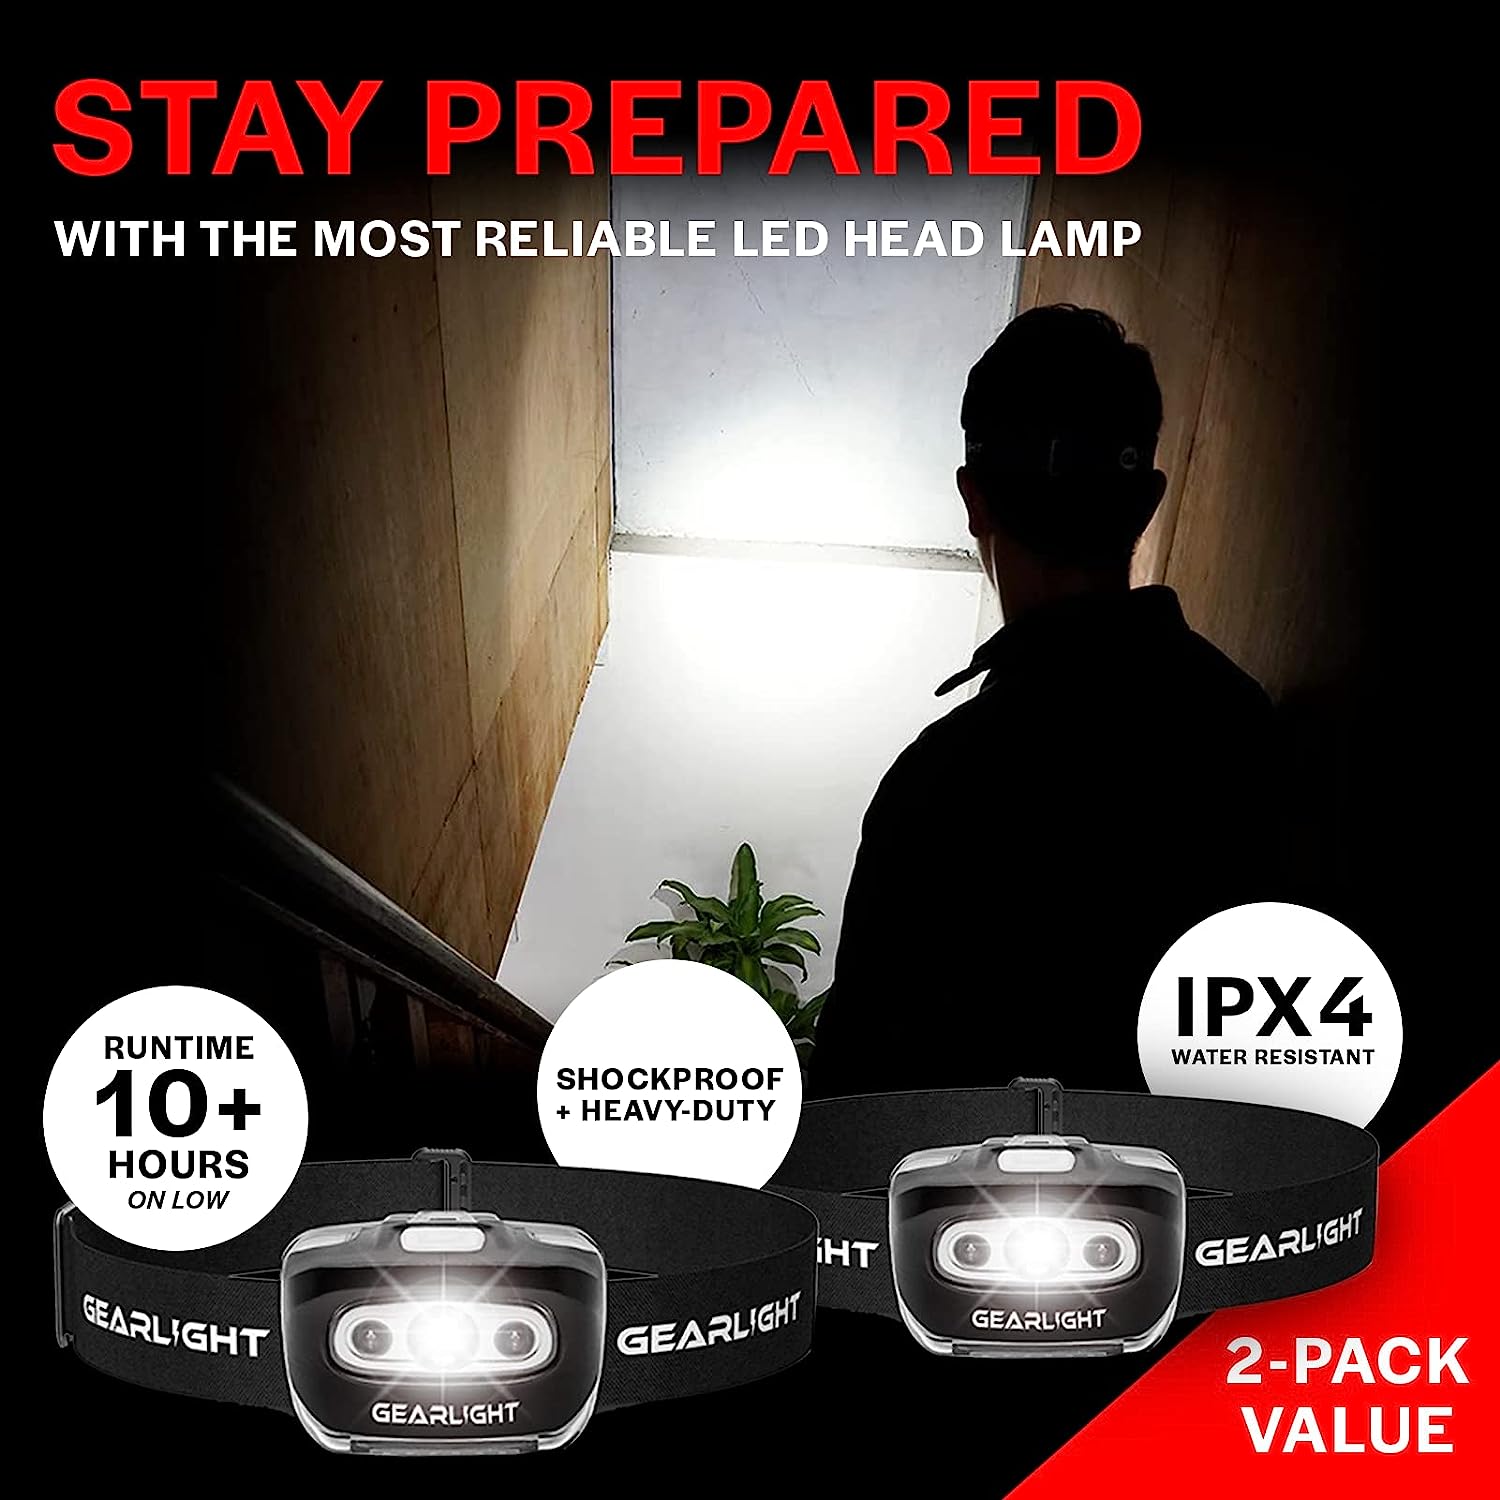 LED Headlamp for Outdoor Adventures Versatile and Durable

...

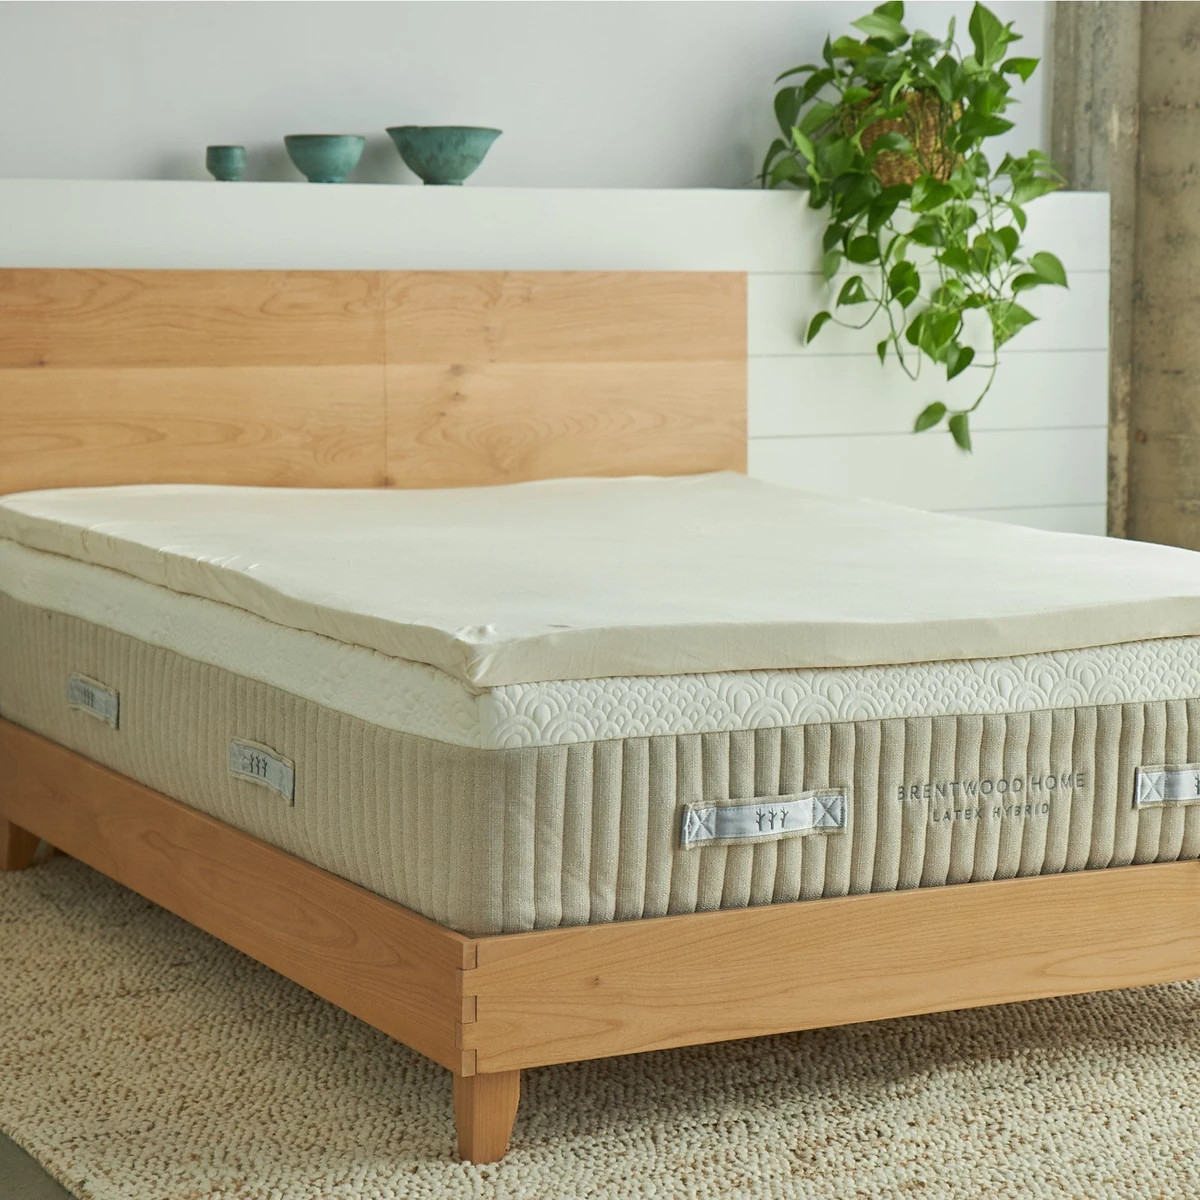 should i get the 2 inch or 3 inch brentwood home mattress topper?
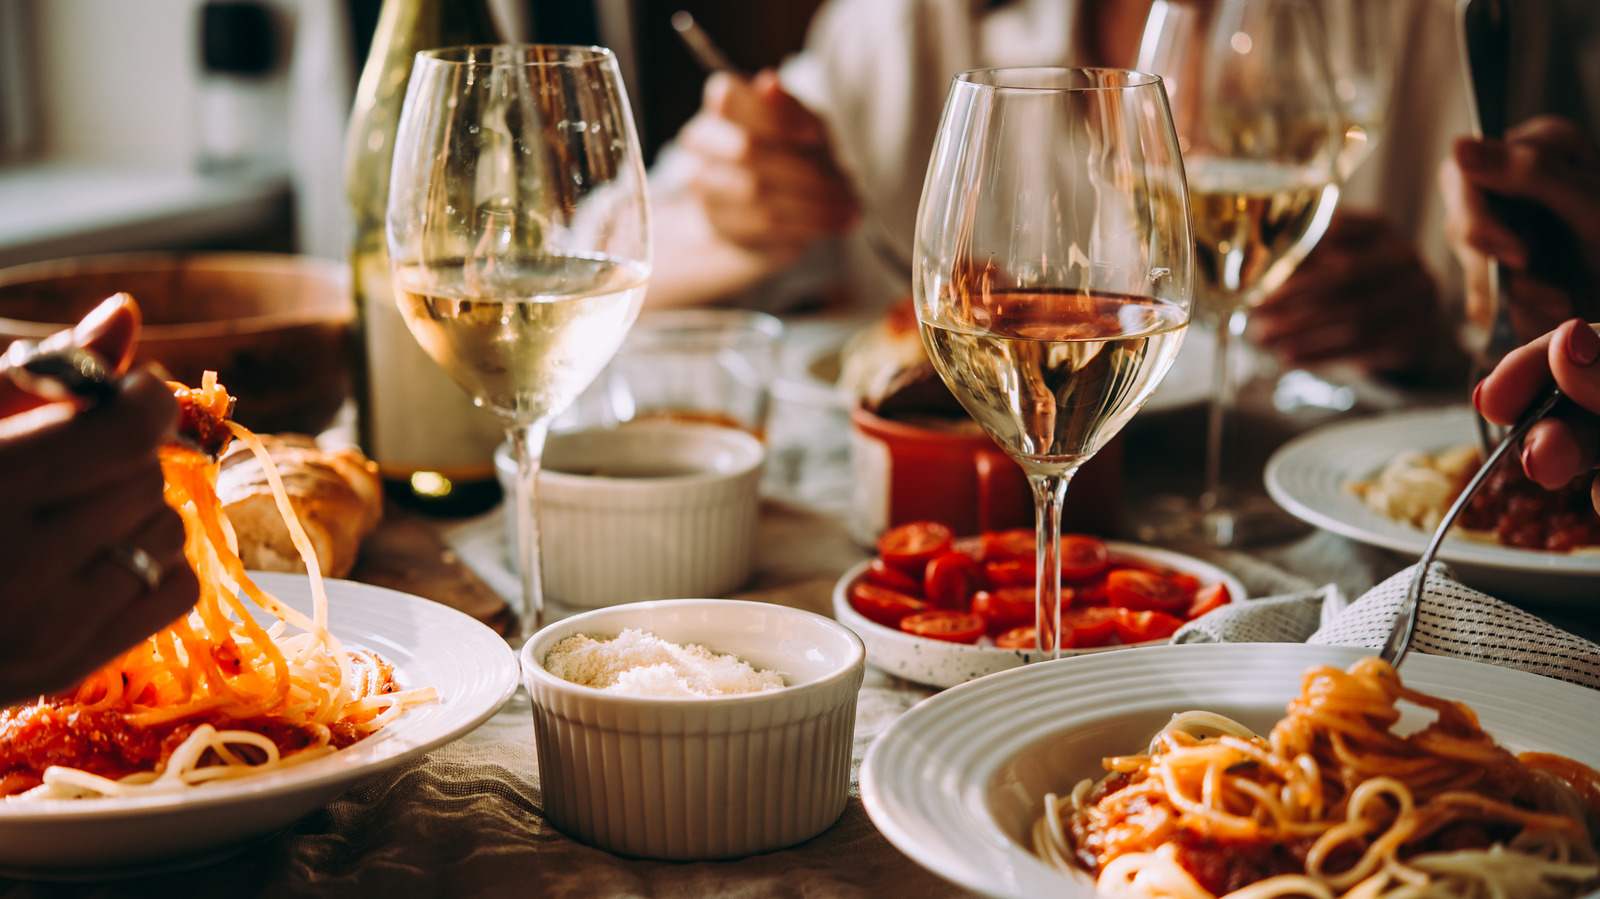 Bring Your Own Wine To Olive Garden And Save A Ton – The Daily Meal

WHAT THIS TASK INVOLVES - Starting at the line containing "should i get" and stopping at the line containing "Bring Your Own", output each line exactly as it appears above. Leave out the pictures.

REPLY TO THE EXERCISE -
 should i get the 2 inch or 3 inch brentwood home mattress topper?
 Bring Your Own Wine To Olive Garden And Save A Ton – The Daily Meal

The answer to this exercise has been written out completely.